* _TASK TO CARRY OUT_:
Once the line with "North American O-47B" is found, return it along with every line after it, exactly, through the end of the material.
[[ INPUT FOR THIS TASK open ]]
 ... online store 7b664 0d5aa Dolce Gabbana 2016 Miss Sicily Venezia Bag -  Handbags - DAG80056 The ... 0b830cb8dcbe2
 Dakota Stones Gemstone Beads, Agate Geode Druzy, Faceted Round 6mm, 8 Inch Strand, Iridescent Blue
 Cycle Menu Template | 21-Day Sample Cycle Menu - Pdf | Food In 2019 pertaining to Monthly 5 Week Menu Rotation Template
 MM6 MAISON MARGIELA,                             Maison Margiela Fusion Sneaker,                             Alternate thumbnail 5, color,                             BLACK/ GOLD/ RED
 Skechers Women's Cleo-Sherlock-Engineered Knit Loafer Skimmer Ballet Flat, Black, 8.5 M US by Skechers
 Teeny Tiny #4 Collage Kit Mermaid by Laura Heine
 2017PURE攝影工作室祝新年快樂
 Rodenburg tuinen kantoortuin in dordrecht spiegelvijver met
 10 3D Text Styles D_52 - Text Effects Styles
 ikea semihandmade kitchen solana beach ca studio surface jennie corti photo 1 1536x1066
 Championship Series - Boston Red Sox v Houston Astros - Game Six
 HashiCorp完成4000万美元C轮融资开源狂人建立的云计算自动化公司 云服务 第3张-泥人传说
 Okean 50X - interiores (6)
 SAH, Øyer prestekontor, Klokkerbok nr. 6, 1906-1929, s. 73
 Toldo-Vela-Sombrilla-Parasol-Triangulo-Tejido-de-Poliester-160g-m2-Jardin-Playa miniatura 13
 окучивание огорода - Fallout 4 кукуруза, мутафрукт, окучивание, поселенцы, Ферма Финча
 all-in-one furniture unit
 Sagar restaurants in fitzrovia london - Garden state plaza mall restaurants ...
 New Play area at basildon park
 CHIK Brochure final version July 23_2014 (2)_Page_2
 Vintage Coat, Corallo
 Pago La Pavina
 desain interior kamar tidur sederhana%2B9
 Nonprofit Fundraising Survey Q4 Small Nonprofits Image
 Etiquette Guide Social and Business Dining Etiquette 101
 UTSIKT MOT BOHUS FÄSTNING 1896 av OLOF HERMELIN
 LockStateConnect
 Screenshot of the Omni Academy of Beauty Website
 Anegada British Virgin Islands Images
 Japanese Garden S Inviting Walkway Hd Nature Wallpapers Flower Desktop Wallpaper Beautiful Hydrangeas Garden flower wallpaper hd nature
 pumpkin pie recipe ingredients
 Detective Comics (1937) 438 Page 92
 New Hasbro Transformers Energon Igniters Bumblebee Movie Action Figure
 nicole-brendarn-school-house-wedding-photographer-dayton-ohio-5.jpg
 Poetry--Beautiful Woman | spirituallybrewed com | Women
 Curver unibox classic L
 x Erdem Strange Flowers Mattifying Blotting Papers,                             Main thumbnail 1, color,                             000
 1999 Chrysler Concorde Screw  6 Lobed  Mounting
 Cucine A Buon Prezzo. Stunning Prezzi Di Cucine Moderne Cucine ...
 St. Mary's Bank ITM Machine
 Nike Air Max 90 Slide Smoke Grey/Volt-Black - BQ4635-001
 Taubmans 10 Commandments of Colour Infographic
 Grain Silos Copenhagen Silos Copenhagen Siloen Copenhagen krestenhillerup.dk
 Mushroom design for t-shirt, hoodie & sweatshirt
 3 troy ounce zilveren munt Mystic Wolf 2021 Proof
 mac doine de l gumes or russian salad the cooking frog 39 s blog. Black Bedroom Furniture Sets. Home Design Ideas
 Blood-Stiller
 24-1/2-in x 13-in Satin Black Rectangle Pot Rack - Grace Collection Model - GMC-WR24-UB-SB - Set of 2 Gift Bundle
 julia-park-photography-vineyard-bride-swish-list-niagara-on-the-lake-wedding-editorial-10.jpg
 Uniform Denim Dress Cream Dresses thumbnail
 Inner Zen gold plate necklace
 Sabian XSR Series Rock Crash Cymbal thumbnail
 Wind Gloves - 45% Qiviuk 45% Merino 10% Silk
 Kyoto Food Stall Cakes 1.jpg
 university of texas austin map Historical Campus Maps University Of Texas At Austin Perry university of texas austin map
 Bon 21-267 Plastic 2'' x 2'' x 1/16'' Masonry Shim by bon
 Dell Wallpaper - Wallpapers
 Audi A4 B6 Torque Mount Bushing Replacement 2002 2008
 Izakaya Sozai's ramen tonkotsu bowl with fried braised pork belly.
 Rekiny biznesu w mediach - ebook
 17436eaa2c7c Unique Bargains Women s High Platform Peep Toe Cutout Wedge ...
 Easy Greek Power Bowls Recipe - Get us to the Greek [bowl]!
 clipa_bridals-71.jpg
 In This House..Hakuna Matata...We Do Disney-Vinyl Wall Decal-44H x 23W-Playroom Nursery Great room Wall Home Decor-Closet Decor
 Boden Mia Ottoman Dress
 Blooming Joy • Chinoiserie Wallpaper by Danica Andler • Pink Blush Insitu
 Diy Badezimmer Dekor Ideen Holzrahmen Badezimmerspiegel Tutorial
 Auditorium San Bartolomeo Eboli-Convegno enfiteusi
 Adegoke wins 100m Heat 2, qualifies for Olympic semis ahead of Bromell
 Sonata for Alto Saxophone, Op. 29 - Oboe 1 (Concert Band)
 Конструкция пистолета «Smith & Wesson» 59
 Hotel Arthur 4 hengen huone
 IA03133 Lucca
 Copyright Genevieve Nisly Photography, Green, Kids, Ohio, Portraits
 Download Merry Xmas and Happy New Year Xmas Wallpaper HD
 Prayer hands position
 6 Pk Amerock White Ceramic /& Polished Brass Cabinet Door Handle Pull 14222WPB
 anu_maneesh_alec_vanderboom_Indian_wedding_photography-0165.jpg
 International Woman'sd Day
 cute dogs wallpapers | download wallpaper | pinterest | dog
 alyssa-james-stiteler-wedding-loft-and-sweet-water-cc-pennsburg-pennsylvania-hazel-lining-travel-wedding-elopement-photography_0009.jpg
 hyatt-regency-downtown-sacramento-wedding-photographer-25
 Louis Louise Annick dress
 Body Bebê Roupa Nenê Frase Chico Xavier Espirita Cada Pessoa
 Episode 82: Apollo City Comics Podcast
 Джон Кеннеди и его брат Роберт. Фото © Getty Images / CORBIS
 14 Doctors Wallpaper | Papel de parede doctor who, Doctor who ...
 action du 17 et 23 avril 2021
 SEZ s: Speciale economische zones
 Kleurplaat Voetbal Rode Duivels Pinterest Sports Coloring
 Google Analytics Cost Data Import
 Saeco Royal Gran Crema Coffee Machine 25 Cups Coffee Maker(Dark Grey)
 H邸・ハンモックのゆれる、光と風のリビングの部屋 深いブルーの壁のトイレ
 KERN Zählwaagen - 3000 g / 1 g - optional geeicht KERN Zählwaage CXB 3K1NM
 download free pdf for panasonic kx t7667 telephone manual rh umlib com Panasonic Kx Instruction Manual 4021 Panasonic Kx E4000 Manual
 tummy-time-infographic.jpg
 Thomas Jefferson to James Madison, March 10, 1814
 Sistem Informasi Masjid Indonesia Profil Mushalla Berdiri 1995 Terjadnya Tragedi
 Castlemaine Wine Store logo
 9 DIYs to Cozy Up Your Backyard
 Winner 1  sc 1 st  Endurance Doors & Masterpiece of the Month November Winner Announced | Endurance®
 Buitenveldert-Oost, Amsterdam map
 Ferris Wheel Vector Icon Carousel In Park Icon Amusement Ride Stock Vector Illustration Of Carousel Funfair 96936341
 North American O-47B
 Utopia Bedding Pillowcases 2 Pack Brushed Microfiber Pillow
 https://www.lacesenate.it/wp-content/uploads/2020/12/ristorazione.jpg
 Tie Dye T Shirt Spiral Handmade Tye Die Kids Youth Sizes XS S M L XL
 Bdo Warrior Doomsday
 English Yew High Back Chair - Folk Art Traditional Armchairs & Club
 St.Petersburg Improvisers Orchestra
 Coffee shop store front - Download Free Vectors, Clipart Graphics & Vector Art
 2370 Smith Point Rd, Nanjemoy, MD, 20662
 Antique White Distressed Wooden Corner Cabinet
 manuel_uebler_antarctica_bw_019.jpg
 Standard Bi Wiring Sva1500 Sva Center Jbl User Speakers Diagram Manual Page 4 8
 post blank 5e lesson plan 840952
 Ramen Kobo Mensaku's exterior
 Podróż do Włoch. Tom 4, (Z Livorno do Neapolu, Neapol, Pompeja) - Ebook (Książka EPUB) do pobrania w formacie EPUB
[[ INPUT FOR THIS TASK closed ]]
* _SOLUTION FOR THIS PROBLEM_:
 North American O-47B
 Utopia Bedding Pillowcases 2 Pack Brushed Microfiber Pillow
 https://www.lacesenate.it/wp-content/uploads/2020/12/ristorazione.jpg
 Tie Dye T Shirt Spiral Handmade Tye Die Kids Youth Sizes XS S M L XL
 Bdo Warrior Doomsday
 English Yew High Back Chair - Folk Art Traditional Armchairs & Club
 St.Petersburg Improvisers Orchestra
 Coffee shop store front - Download Free Vectors, Clipart Graphics & Vector Art
 2370 Smith Point Rd, Nanjemoy, MD, 20662
 Antique White Distressed Wooden Corner Cabinet
 manuel_uebler_antarctica_bw_019.jpg
 Standard Bi Wiring Sva1500 Sva Center Jbl User Speakers Diagram Manual Page 4 8
 post blank 5e lesson plan 840952
 Ramen Kobo Mensaku's exterior
 Podróż do Włoch. Tom 4, (Z Livorno do Neapolu, Neapol, Pompeja) - Ebook (Książka EPUB) do pobrania w formacie EPUB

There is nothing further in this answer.